— Exercise prompt —
Which lines of the data contain the string "Design"? Copy every one of them.

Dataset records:
┏━━
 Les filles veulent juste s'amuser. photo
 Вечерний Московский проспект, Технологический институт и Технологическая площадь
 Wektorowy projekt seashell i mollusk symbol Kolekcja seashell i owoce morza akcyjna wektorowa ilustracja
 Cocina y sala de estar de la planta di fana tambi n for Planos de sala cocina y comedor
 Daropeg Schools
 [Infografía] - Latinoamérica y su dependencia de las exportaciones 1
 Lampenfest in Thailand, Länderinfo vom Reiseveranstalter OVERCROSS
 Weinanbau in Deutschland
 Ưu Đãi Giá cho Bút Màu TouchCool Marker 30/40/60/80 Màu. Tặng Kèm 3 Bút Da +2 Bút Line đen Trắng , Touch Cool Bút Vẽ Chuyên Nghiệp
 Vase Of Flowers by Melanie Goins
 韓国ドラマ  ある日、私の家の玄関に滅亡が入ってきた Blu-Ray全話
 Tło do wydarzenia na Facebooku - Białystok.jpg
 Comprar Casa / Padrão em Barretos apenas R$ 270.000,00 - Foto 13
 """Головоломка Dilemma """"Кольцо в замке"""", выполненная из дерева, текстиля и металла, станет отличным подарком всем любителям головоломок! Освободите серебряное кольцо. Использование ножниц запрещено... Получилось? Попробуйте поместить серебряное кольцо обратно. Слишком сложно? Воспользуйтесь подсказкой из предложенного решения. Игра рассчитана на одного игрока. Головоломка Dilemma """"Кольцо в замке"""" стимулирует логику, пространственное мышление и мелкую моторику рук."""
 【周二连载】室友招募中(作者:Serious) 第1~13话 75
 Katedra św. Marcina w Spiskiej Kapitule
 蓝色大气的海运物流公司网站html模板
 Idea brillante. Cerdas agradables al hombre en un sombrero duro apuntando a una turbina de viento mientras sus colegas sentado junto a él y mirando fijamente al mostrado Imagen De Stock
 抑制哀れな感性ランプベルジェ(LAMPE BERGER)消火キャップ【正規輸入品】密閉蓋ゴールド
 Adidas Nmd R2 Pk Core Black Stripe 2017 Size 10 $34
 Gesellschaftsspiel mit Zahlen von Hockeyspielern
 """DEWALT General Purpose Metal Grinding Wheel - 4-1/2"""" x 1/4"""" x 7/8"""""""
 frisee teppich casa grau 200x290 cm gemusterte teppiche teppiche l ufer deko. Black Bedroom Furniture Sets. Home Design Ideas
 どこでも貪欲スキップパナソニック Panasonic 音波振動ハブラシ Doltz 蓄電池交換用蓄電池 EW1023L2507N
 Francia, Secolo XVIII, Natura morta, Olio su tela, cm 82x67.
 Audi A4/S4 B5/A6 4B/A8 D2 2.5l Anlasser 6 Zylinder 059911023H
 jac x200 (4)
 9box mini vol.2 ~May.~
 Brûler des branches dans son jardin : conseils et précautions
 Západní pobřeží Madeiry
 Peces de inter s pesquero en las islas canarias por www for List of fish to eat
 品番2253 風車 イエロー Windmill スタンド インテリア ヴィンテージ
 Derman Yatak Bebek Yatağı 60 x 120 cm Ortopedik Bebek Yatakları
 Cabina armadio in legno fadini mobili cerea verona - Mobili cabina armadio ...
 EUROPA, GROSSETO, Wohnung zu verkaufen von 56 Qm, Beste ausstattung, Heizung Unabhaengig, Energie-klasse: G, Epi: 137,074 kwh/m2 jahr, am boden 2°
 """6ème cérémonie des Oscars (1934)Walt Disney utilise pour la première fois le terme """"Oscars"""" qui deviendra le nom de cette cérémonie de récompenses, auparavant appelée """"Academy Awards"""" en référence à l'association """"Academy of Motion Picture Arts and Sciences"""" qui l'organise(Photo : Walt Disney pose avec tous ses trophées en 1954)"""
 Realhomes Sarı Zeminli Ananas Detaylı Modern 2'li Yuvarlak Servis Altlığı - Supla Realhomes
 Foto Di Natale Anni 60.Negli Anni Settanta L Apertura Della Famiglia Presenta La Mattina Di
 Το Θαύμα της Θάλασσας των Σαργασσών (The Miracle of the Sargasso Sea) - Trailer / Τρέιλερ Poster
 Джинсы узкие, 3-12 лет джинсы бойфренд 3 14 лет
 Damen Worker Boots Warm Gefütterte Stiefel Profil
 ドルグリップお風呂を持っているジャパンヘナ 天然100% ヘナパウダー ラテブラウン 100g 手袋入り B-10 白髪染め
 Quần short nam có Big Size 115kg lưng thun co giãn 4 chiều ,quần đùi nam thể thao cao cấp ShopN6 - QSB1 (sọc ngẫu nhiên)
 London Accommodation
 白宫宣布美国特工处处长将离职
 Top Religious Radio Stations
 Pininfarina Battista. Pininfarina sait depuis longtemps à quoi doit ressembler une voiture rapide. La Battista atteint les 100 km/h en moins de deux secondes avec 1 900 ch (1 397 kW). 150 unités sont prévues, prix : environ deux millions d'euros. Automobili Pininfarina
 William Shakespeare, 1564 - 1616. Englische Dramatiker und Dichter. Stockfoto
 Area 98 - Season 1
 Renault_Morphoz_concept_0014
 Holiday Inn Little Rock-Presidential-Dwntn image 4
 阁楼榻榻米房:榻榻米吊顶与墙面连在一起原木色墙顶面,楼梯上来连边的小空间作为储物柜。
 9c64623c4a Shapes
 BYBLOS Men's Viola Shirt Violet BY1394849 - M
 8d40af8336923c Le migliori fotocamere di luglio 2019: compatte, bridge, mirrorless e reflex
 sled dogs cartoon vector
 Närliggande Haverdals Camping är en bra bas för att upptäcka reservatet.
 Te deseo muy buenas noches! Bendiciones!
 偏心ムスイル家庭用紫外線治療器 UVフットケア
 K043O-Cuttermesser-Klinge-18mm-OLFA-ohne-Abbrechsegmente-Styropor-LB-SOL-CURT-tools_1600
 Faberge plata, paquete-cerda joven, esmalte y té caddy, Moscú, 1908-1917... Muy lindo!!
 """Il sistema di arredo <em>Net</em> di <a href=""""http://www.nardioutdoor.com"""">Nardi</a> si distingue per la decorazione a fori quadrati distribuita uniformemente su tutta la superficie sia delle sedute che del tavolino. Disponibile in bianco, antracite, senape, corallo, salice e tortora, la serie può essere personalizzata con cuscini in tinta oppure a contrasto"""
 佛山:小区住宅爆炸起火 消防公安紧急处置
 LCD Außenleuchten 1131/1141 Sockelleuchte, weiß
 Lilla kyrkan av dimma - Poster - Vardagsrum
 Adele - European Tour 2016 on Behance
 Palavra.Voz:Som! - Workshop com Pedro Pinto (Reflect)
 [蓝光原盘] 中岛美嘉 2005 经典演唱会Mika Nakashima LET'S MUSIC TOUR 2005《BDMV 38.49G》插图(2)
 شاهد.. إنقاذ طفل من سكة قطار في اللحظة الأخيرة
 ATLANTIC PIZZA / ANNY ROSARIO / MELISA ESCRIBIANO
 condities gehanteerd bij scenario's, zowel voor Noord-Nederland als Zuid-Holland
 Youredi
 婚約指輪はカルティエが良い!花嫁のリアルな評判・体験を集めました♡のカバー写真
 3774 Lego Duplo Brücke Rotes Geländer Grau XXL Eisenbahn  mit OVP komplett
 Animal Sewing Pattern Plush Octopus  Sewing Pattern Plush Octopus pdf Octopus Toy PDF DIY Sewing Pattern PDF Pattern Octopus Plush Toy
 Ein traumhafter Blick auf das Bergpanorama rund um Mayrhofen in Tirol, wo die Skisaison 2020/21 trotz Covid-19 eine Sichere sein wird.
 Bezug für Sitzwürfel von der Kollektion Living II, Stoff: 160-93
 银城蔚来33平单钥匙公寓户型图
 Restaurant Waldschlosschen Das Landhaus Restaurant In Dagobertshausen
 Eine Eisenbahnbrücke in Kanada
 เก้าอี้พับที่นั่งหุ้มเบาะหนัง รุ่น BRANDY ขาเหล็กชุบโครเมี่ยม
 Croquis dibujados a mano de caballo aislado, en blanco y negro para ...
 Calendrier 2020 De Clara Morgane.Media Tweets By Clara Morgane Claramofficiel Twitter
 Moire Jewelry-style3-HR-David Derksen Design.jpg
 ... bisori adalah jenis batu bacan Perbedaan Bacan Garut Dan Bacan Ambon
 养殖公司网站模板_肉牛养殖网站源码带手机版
┗━━
— Exercise result —
 frisee teppich casa grau 200x290 cm gemusterte teppiche teppiche l ufer deko. Black Bedroom Furniture Sets. Home Design Ideas
 Moire Jewelry-style3-HR-David Derksen Design.jpg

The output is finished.